Ainsi, le jugement qu’ils m’adressent est en réalité celui de leur propre sentence, qu’ils ne peuvent plus ignorer désormais. Car la vie les a depuis bien longtemps assignés à comparaître devant elle et ne leur a plus trouvé d’excuses pour ce qu’ils sont. Ils savent que l’heure de se présenter devant sa face pour accomplir leur peine est venue. Mais ils se cachent encore, tant que la pénombre les dissimule un peu.

Leurs serres m’entourent, mais ils n’ont plus le pouvoir de me saisir. Leurs hurlements retombent dans un silence embarrassé.
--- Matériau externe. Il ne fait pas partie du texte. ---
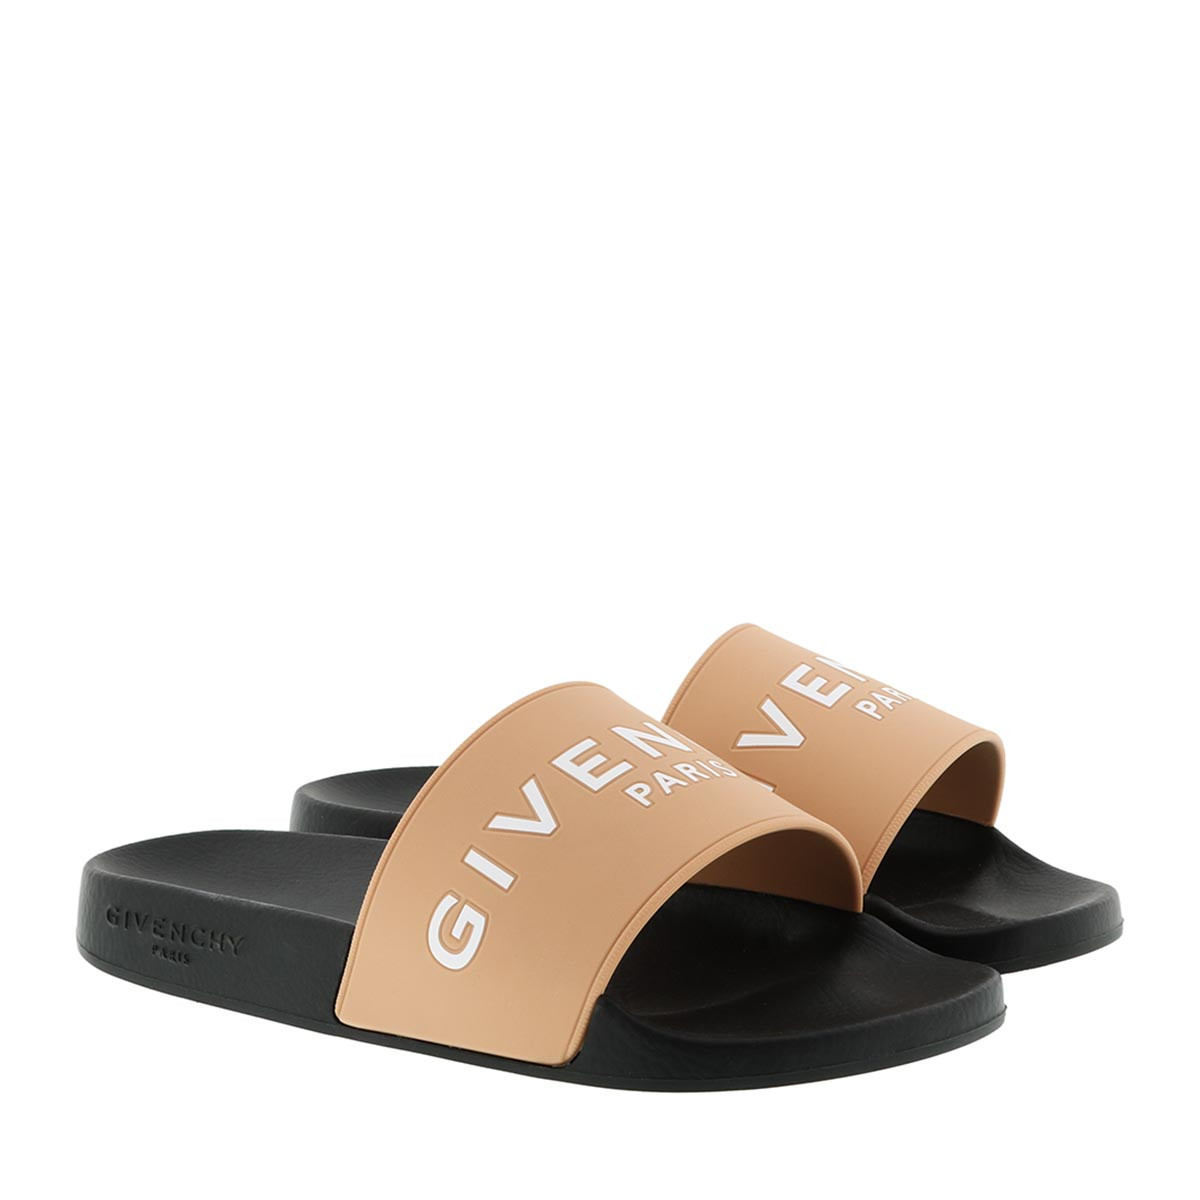 Givenchy Schuhe - Rubber Slides Sandals Nude - in beige - für Damen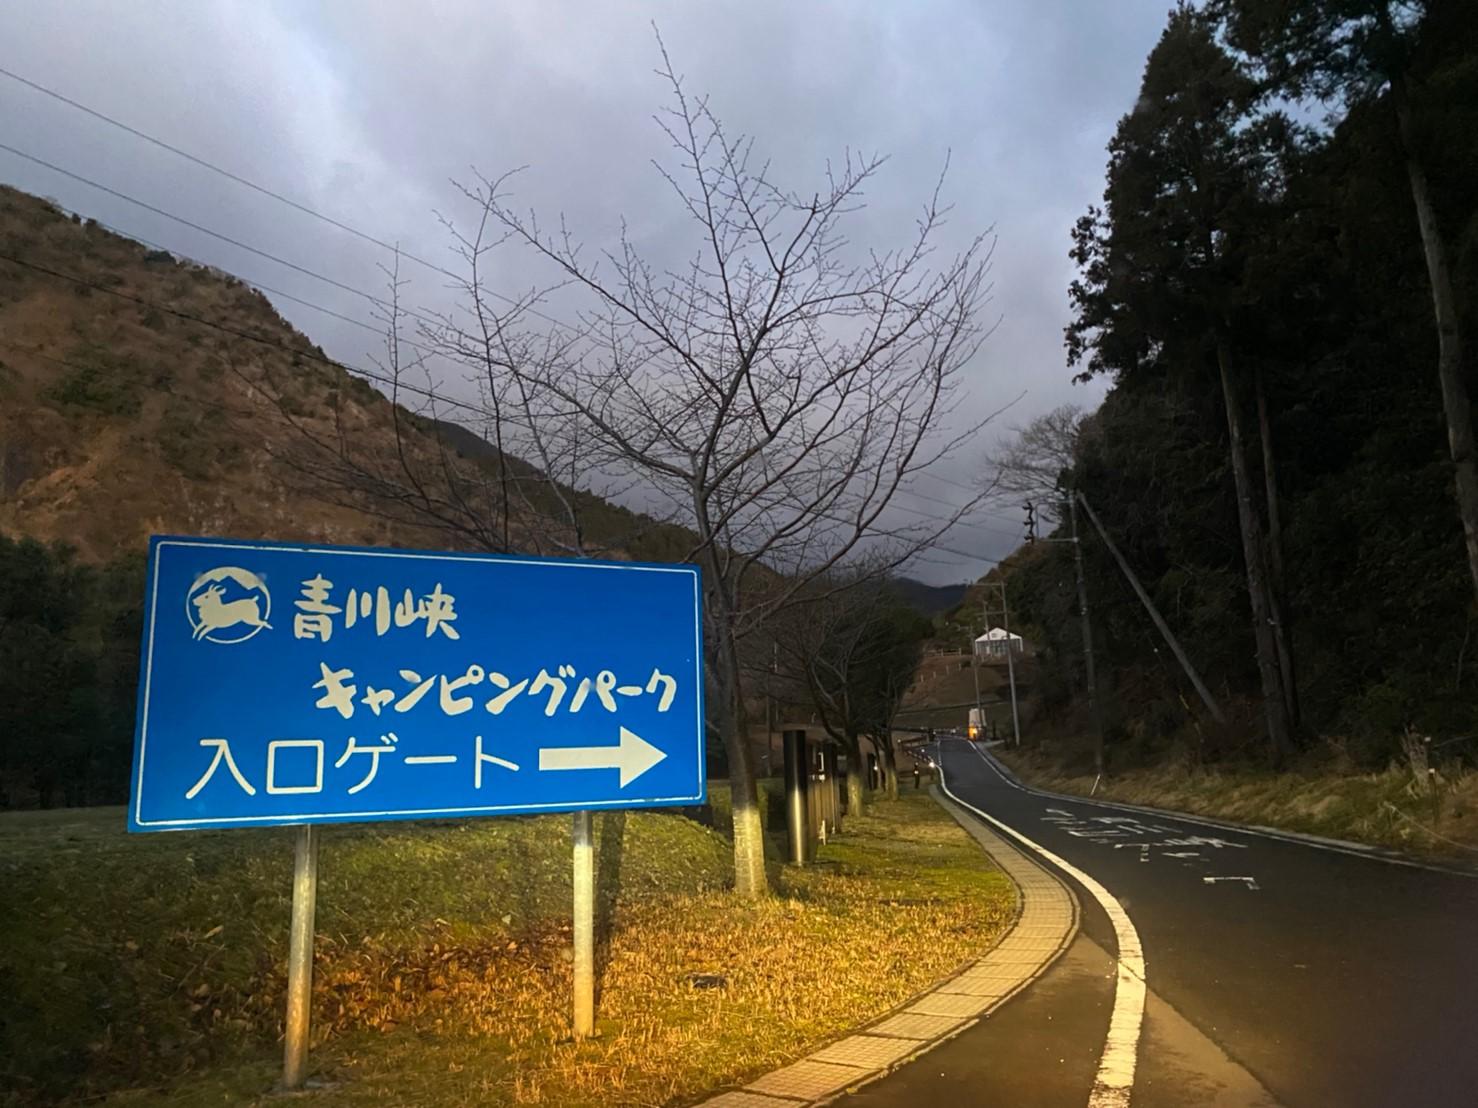 【三重県】ファミリーにおすすめ!『青川峡キャンピングパーク』のキャンプ場情報まとめ

Leurs ricanements sonnent comme une veille chanson désuète dont personne ne comprend qu’elle ait pu être à la mode.

Sur la route des Andes, mon cœur est trop plein de cuivre et de cascades aux eaux vertes pour être un seul instant leur prisonnier. Je vais par des routes qui leur sont inconnues, les vingt ans qu’ils m’avaient volés revenus en moi à tout jamais.

Et lorsque viendra le temps d’entendre ce que les juges ont à me dire, je sais que je n’aurais à craindre aucune parole. Car ce que diront les hommes concernera les hommes. Et ce que me dira la vie, je le connais déjà.